An action movie that absolutely rocks the meter, John Wick is the kind of film that reflects perfectly on the time of its making. Remember the fine de siècle visions of the future and the excitement as we passed through the Millennium? Remember the arrival of the internet, and the fresh notion that we could solve our on-going problems with race, with terrorism, with social division, because we were all connected to, and regularly communicating with, each other?

John Wick is having none of this kind of namby-pamby idealism. He’s a just man with a grievance. John Wayne, Clint Eastwood, sure, they used violence to enforce justice and the law. But when Wick (Keanu Reeves) takes a sledge-hammer to the concrete floor of his apartment and starts to dig out the guns and ammo of yesteryear, you can bet it’s not some abstract notion of wrong or right he’s enforcing; it’s personal. Not only is he mourning the death by terminal illness of his wife (Bridget Moynahan), but the adorable Beagle she gave his to remind him of her has been killed. And his car has been stolen. By anyone’s standards, this is a terrible day at the office. But our hero has one thing in his favour; he’s not just anyone, he’s John Wick.

Expanded universe sequels, video games, a proposed tv show and more have followed in the bloody footsteps of Chad Stahelski’s 2014 thriller, adding value to this stripped-down story, but as with James Cameron’s Terminator, nothing beats the first time around the block. I saw John Wick on a gloomy fall in AMC Lincoln Square at an 8pm screening, having heard good things.

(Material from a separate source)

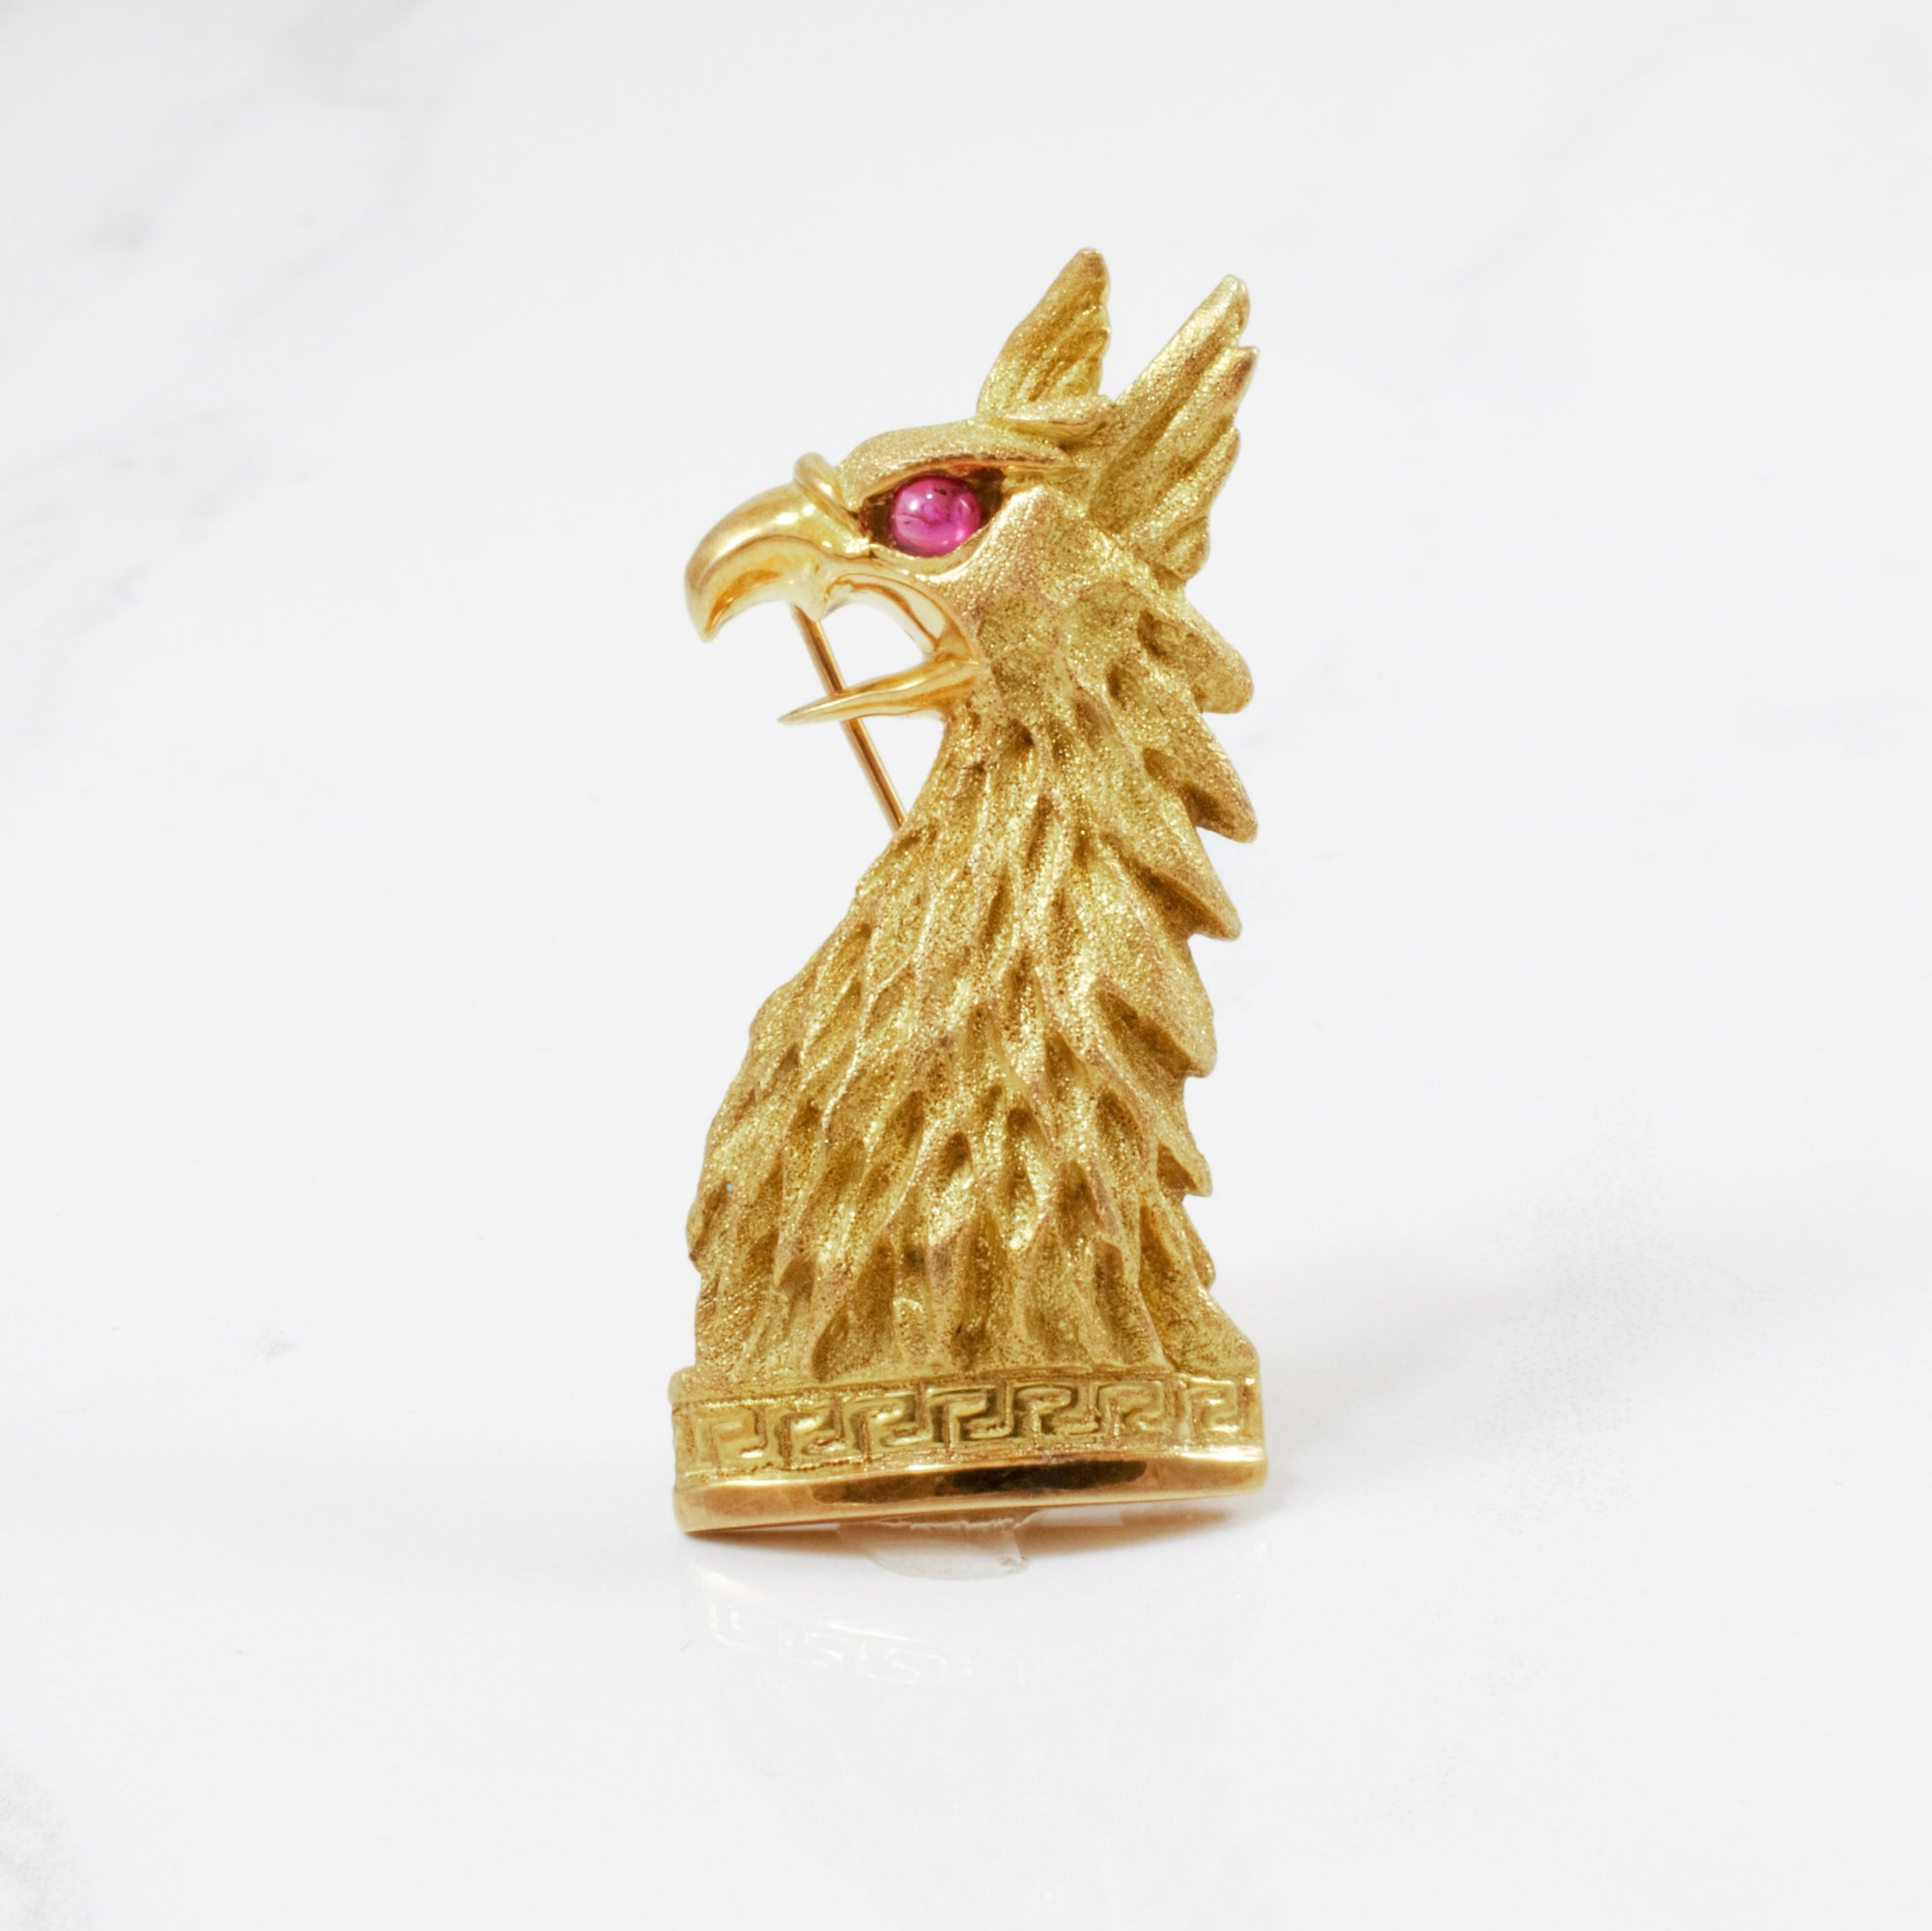 Vintage Luxury Jewelry Andreas von Zadora-Gerlof Ruby Griffon Brooch. Antique Gold Brooch With Ruby. Vintage Brooch. USA Antique & Vintage Jewelry Canada, International.

The creators referenced Scottish writer Alistair Maclean and his best-selling brand of professional private soldier. But John Wick takes things to another level, offering up bursts of rabid action fusing The Matrix, video games and everyone’s fantasy of getting ones own back.

Watching Wick defend his house, then start in the basement of a nightclub and diligently work his way through an endless supply of hoods offered the kind of satisfaction that few movies do, and left the audience cheering. The good guy wins, the bad guys pay the price, instant justice is served, but it never looked so balletic and choreographed as this. Even better, there’s a willingness to subvert clichés; the climax sees Wick take on a man much older and less fit than himself, hardly a fair fight even after Wick has taken some punishment along the way. And rather than an underdog or everyman, Wick is a legend in his own profession; scene after scene features the baddies incredulous and cowering in their boots that John Wick is alive and coming after them. Rich on ill-gotten gains? Think you can hide behind the anonymity of crime? John Wick is after you, and he’s on a suicide mission to take down the entire rotten system while he’s at it.

Parking ticket? Printer ink run dry? Feel the government is letting you down? Stick John Wick on and feel refreshed and revived in 101 minutes. The catharsis of action is dealt out in outbursts of frenetic killing, so whatever kind of bad day you’ve had, John Wick should cheer you up. He’s sour, he’s stoic, he’s put upon and he’s easy to identify with. But he’s also been training every second that you’ve been sitting idle on the couch, and he’ll get things sorted in a way that you can never imagine. The John Wick franchise expands on Dirty Harry’s credo ‘There’s nothing wrong with shooting as long as the right people get shot,’; it’s a fantasy that appeals because real life is tough, and watching one good man cut through all the nonsense makes for a truly epic watch. The sequels have been classy, but each one slowly dispels a little of the mystery that makes John Wick so enjoyable; the original film has an unstoppable momentum, a rage against the machine that has to be seen to be believed.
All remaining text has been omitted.